-ISMS: Materialism.

Ever been consumed with a product – with the getting of it — that you fantasized about how great life would be once you finally obtained it? That’s the promise and allure of advertizing: your life is incomplete without __________, but would be so awesome and complete with it.

That item for me was an iPad. When they first came out in early Spring 2010, I really wanted one. I thought of all the ways I could justify a purchase of the base model ($500) and present the case to my wise, frugal wife. Knowing our united family desire to simplify life, coupled with our commitments to become more generous, there was to be no iPad in our near future.

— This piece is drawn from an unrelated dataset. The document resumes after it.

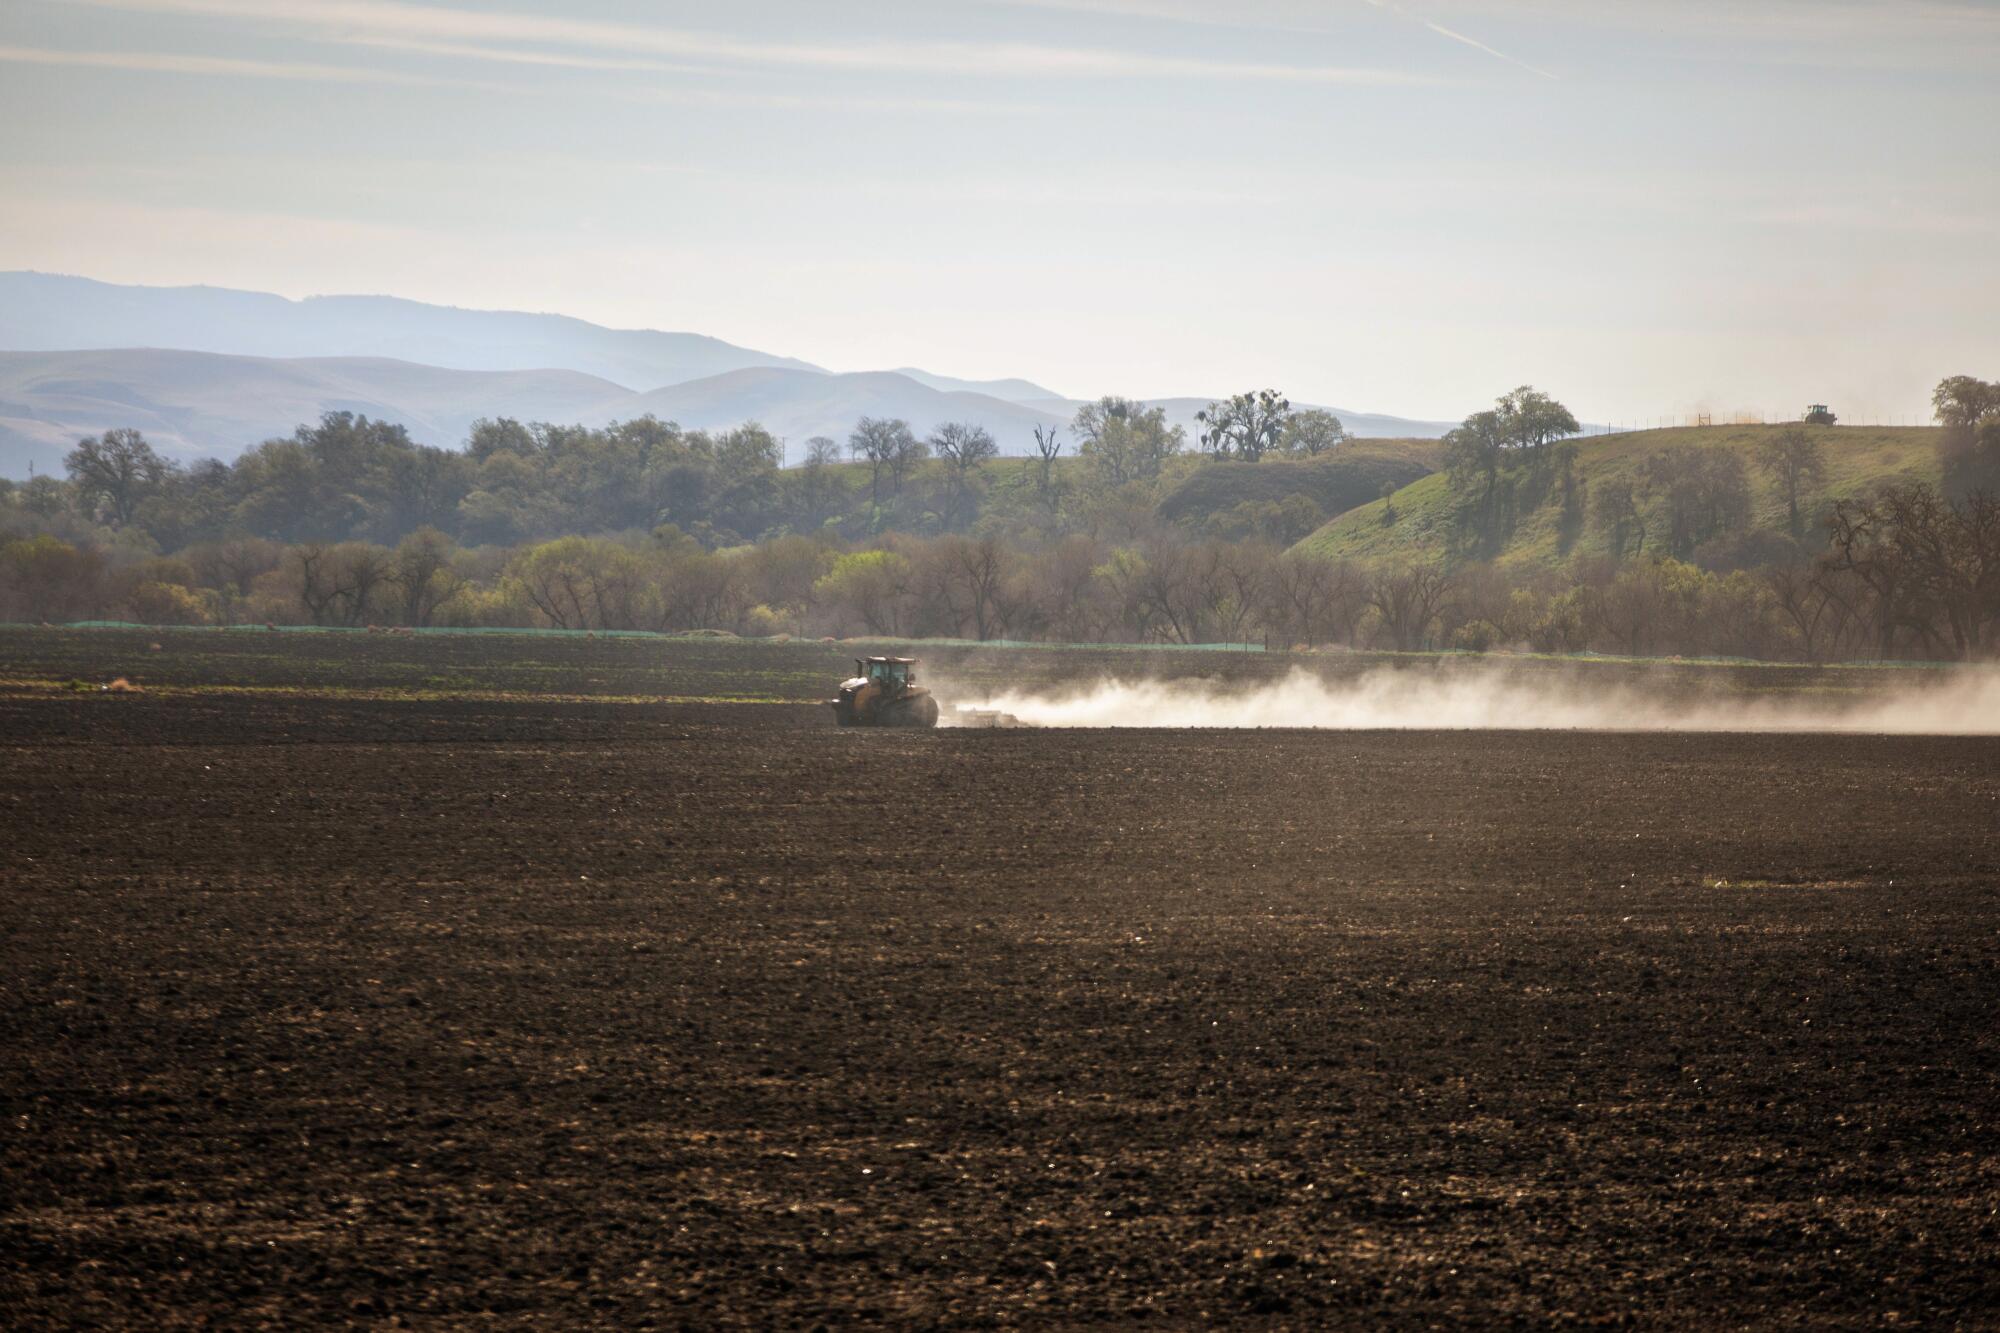 A tractor plows a field in the Central Valley, where valley fever has increased in frequency.

So, over the course of the next 12+ months I saved up, sold some of my books, and earned some additional funds through some creative work. This June I was able to purchase an iPad 2. It was a helpful tool on our UK travels, and remains a daily companion as a mobile device, e-book reader, and ubiquitous capture tool. Even still, I must live without it, and set it in our re-purposed “technology basket,” and while home with the kids the iPad must just sit there on the counter.

As American families prepare for this Christmas, starting on or before Black Friday, all sorts of gadgets like the iPhone 4S (with the automated do-everything Siri) will fly off shelves into the “deserving” hands of boys and girls, young and old alike.

Of course, we can stand at the edge of culture and decry all this “materialism” and the commercialization of holidays like Christmas. The real question is, why do we run to material things to meet our unmet needs?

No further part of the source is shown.